Section titled “histogramQuantile(histogram, quantile) — p90”
  1. Sum all bin counts (total).
  2. Target = Math.ceil(quantile * total) where CALIBRATION_HIGH_QUANTILE = 0.9.
  3. Walk bins from 0 upward accumulating until cumulative >= target.
  4. Return center of target bin: (binIndex + 0.5) * 256.

p90(entry): returns histogramQuantile(entry.histogram, 0.9). get(provider, model, inputTokens): returns null if entry is missing; callers in Estimator check entry.count < 5 before using calibration.

  • computeCost step 1 is exclusive: if extractProviderCost returns a value (even $0 for a free model), steps 2-4 are skipped entirely. The provider cost is authoritative.
  • pricingTier vs serviceTier: usage.serviceTier is the provider’s raw tier name in the response. usage.pricingTier is what the SDK maps it to for catalog lookup.

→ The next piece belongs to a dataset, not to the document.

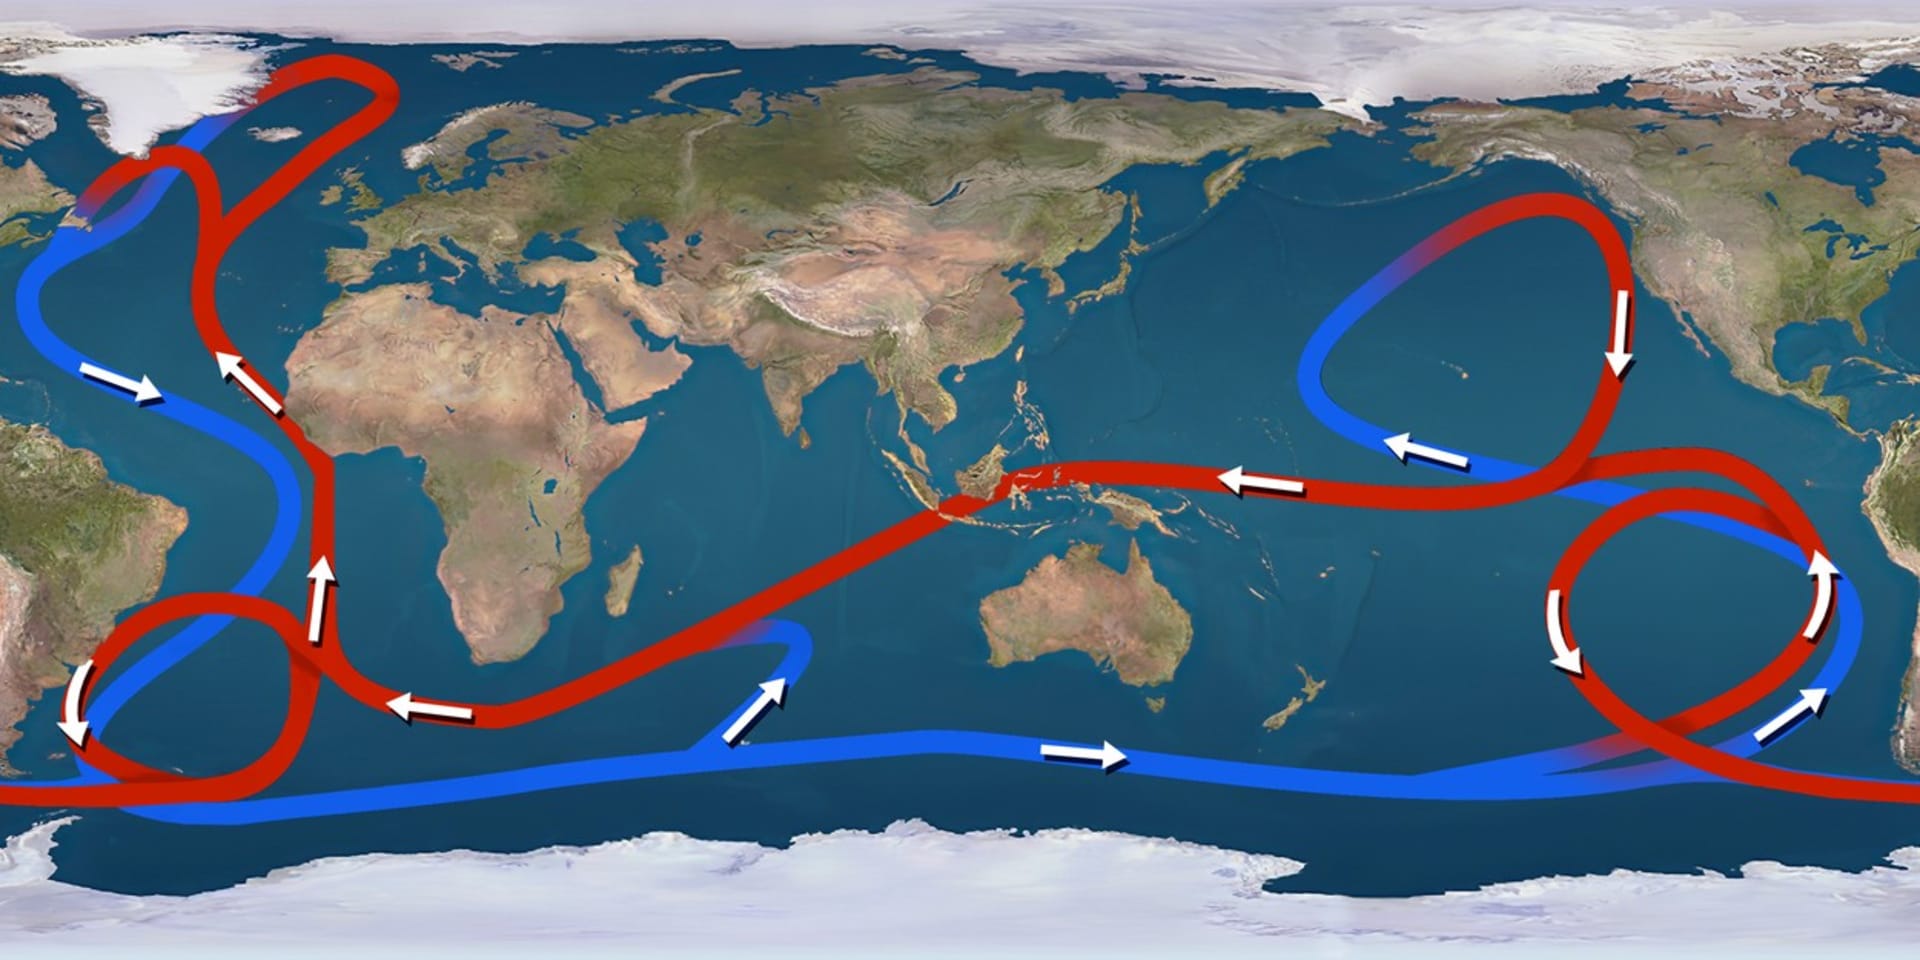 Mapa hlavních oceánských proudů. Modře jsou vyznačené studené a červeně teplé

LLMClient does the mapping in parseResponse.
  • Budget action:'stop' is not immediate: AgentLoop.stop() sets a flag; the loop checks it at the top of the next iteration. Mid-step execution completes first.
  • Calibration requires >= 5 EWMA observations: p90() returns undefined below this threshold; Estimator.applyCalibratedBounds skips calibration and returns the raw (uncalibrated) estimate unchanged.
  • loadProviderDefaults() is idempotent: repeated calls re-register the same models; set() overwrites if the model already exists.
  • estimate() throws on unknown models: callers must either handle UnknownModelError or ensure the model is registered before calling.
  • Alias resolution in the cost path: CostCollector receives modelId from CompletionResponse.modelId, which provider adapters set to the canonical ID. catalog.get() with the canonical ID finds it directly; no alias lookup needed in the cost path.
  • Honest-zero applies in calculateCost, not computeCost: the fallback to estimatedInputTokens happens inside calculateCost (step 2). If step 1 short-circuits, estimatedInputTokens is never consulted.